Bray also recognizes the risks involved in collecting and using data. “We must have safeguards in place to mitigate possible abuses to people’s health and their medical data, as well,” he says, warning that deleting personal, identifiable data is not an absolute protection against the theft or unauthorized sale of patient information. “So [PCI is] empowering consumers to ask the right questions.

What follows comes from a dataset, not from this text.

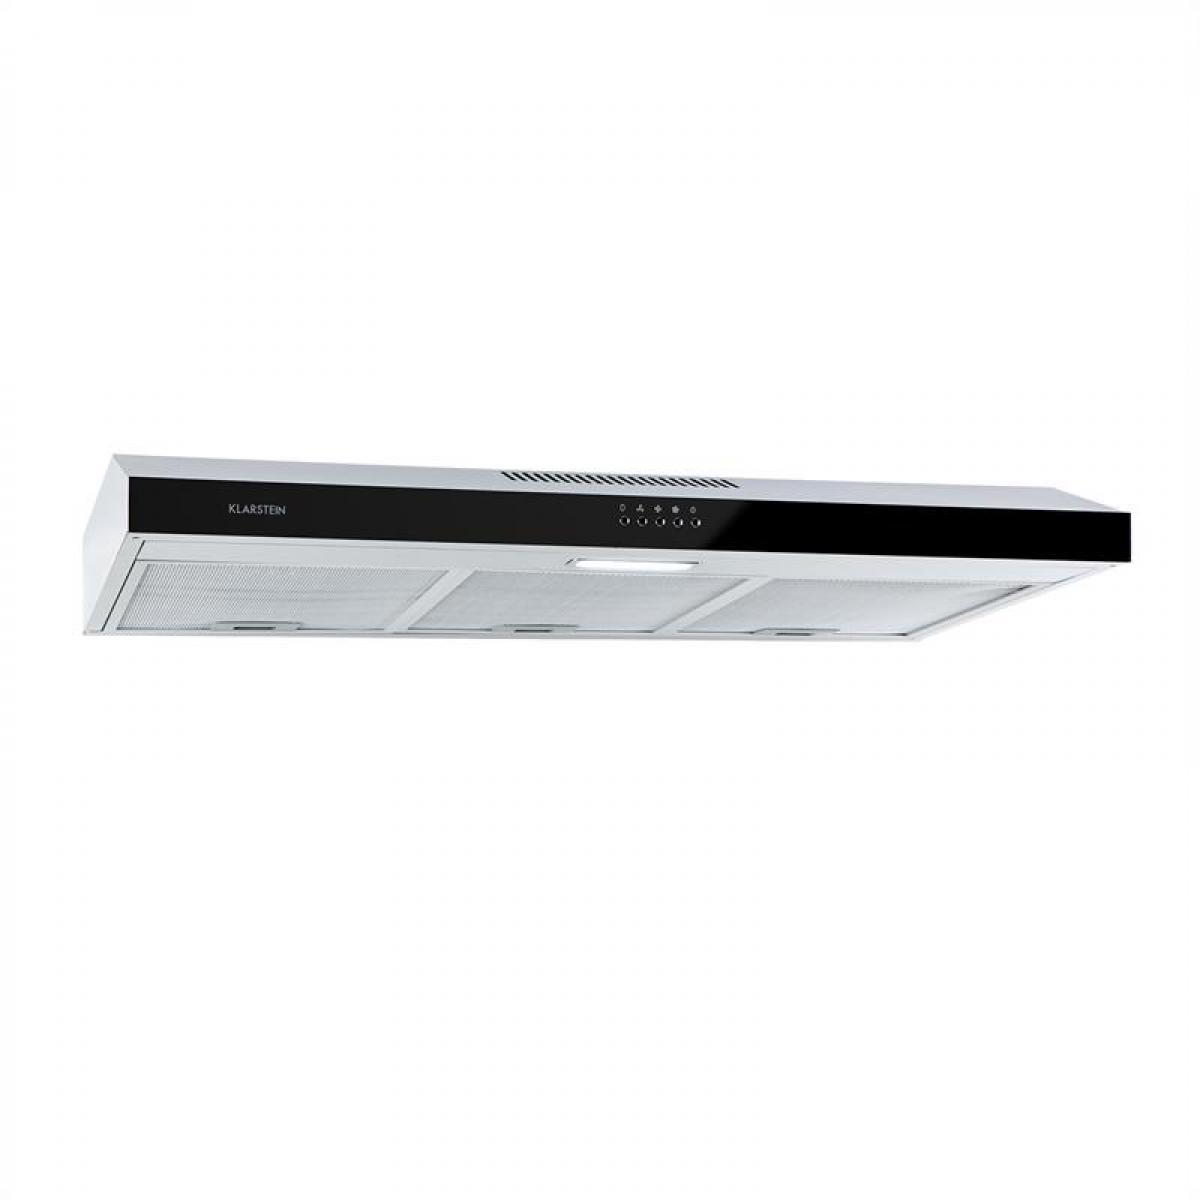 Klarstein klarstein Contempo Hotte aspirante 90 175m³ / h LED inox acrylique noir Klarstein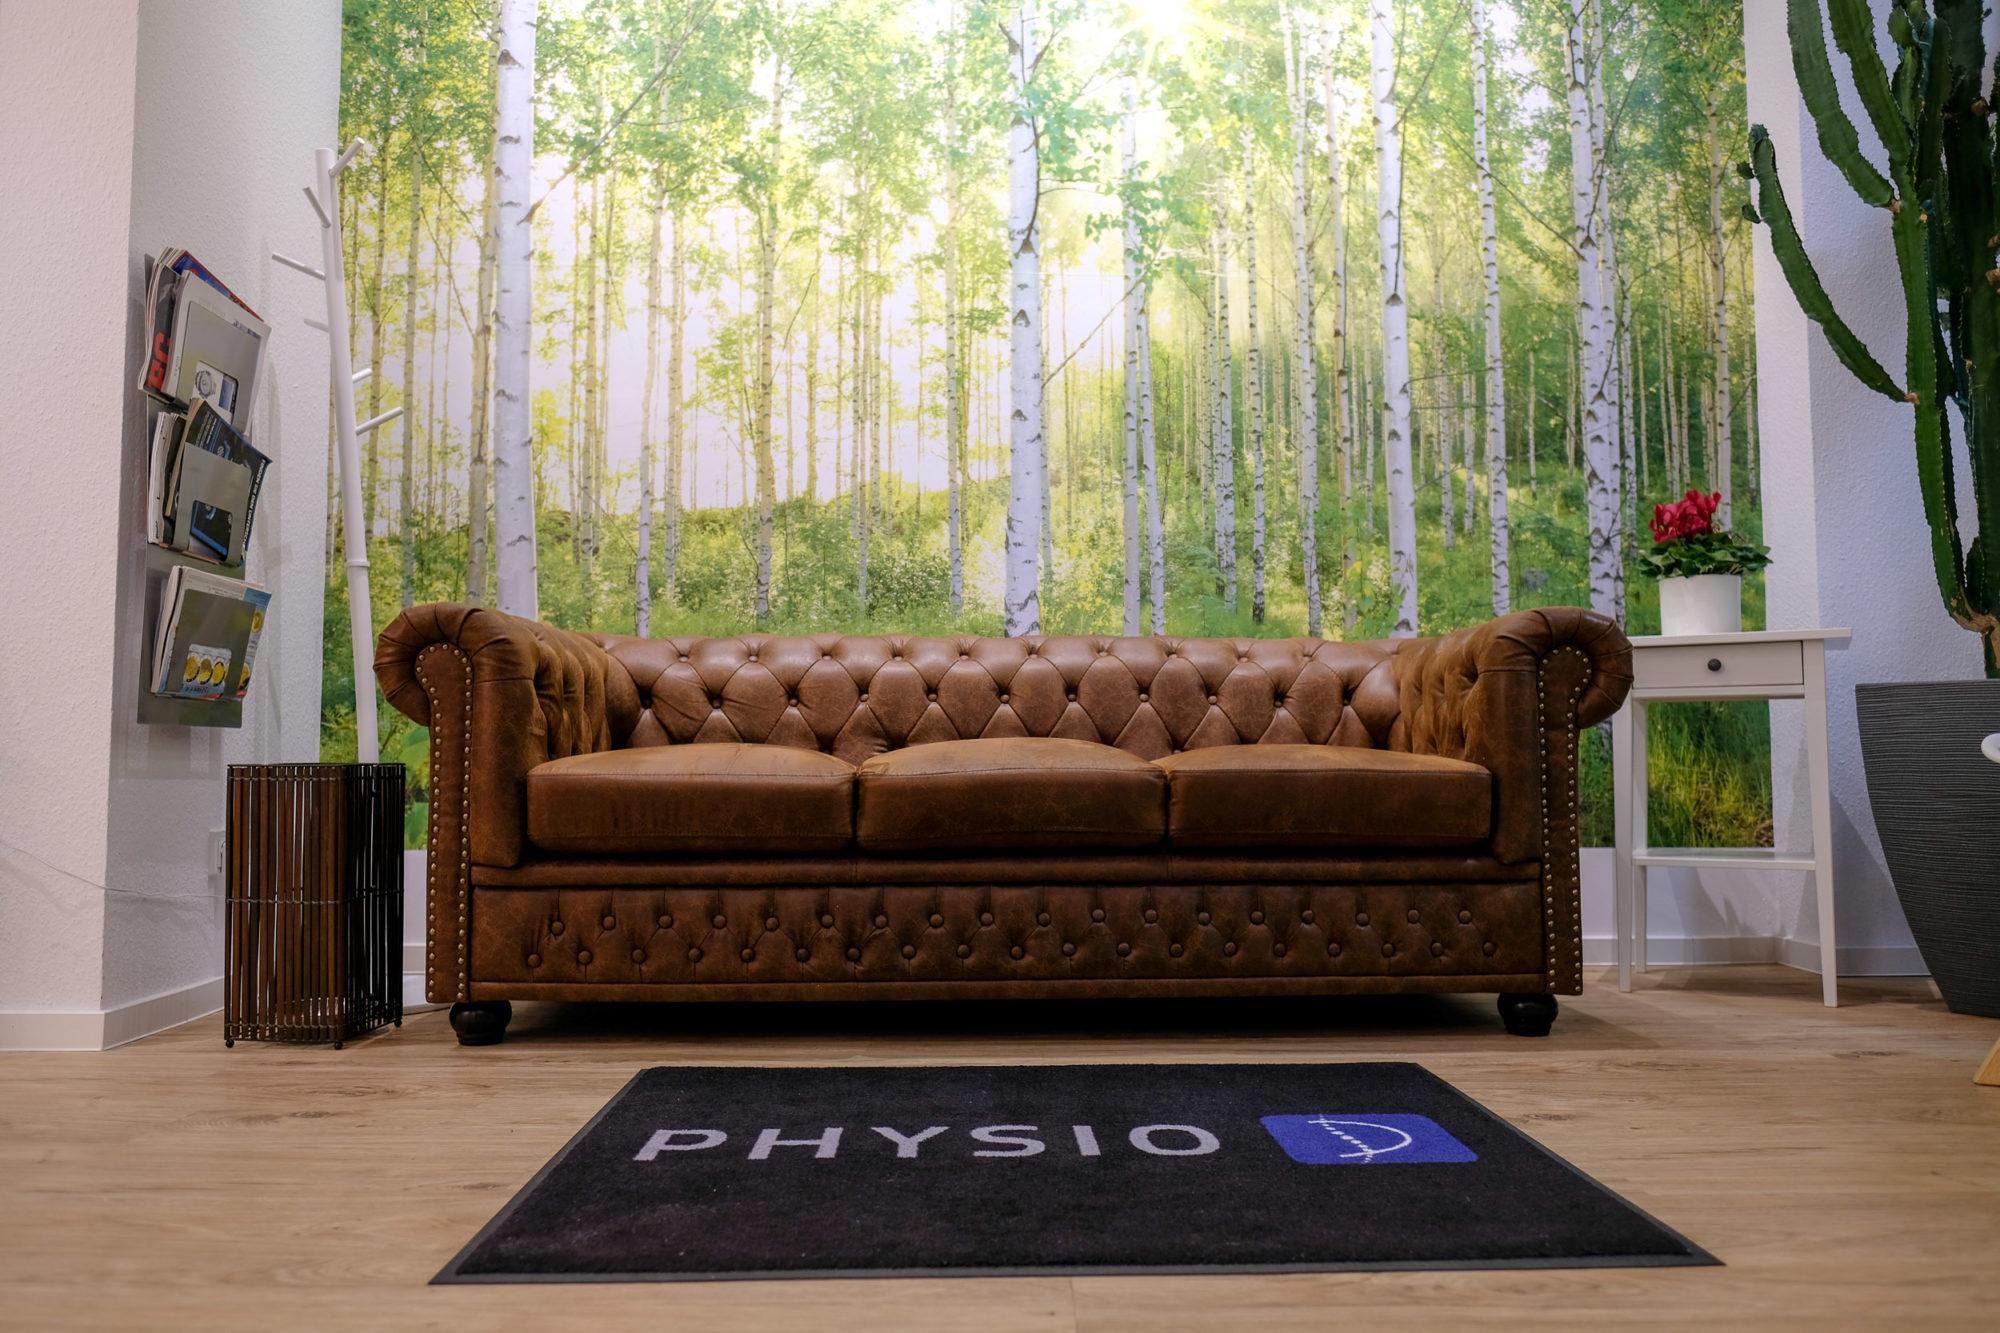 Physio-D - Physiotherapie in Berigsch Gladbach

And we are working with health-care organizations to shape effective, ethical policies around these issues.”

Digital innovation and automation has disrupted employment opportunities in a variety of industries such as manufacturing and retail, and PCI is examining the potential impact of those technologies in the medical field, as well.

“Health-care providers have a responsibility to help employees cope with the expected disruption associated with technological innovations in medicine,” Bray says. “With the productivity benefits of technology, it’s reasonable to assume that more jobs will be displaced than created, at least in the short term. So it’s critical to discuss how that will affect employees’ fiscal and mental well-being. We may be entering an era where we retrain people by pairing them with machines, utilizing innovations such machine learning and AI to maximize benefit for everyone.”

Supporting human rights in the digital era

Beyond expanding connectivity and exploring the moral and ethical impact of technological innovation in specific industries, PCI is focused on how technology will affect human rights in the years to come.

“One of our concerns at PCI is that the internet is no longer seen as just a force for good or for bringing people together,” Bray says. “Is it polarizing us? Pulling us apart? Preventing reasonable conversations and rationale solutions to big problems? It’s essential to ask those questions, and perhaps society will need to make hard choices about the algorithms at the heart of some of these technologies.”

Bray notes the significance of PCI’s work in a month that marks the 70th anniversary of the United Nations Declaration of Human Rights (December 10).

“It’s an opportunity to re-examine the internet and to discuss the community norms, human rights and social contracts required in this digital era,” Bray says. “The internet is a reflection of humanity. The technology itself is amoral. It’s how we humans choose to use it that determines whether it’s good or bad.”